Fairness, reproducibility and interpretability

Understanding of the data used to train machine learning models is fundamental to ensuring ethical and fair algorithms. This is of paramount importance in the medical domain since outputs may directly influence clinical decision making and patient care. As stated in², data “truthfulness” includes understanding of how complete and detailed given data are, what information they contain, how accurately they reflect the true physical situation as well as measures of variance and bias. A certain level of bias is unavoidable in any dataset; however, its impact may be mitigated by gaining a thorough understanding of the data and any potential sources of bias^3,4. For example, if there is selection bias in the data collection or model development, it may be necessary to test the model on additional data to ensure that it is adequately evaluated on all groups prior to deployment^3,5. Major generalization failures of machine learning models have been reported, especially when relying on age and sex^6,7. Amongst others, diagnostic COVID-19 models have been shown to under-diagnose the female and younger patients⁸ when they are under-represented in the training data⁹.

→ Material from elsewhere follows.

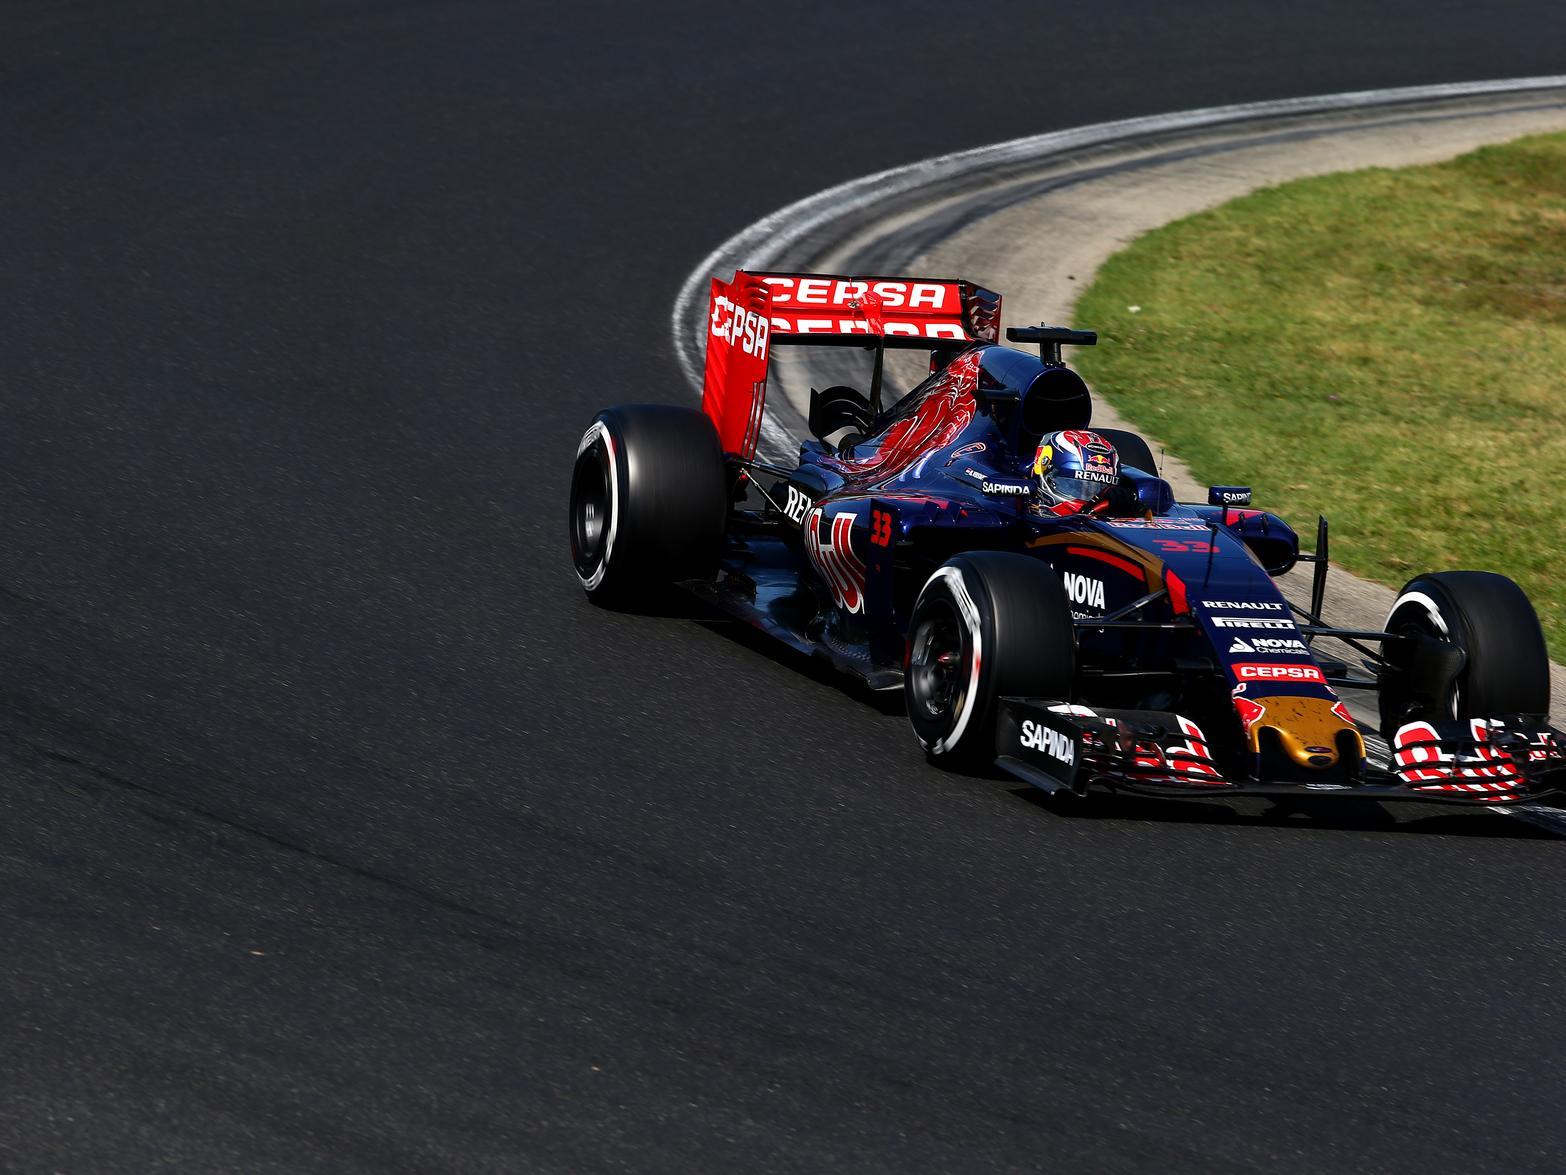 A brilliant drive from the Dutchman saw him claim his best finish of the year, taking fourth spot.

All papers published in the first year of the COVID-19 pandemic failed to satisfy sufficient criteria regarding reproducibility and interpretability for clinical use despite the urgent need of tools to assist clinicians^4,10. Although this was partly a consequence of hidden biases within the data, it is further compounded by a failure to adequately perform data cleaning and/or standardization as well as describing the models in sufficient detail¹¹.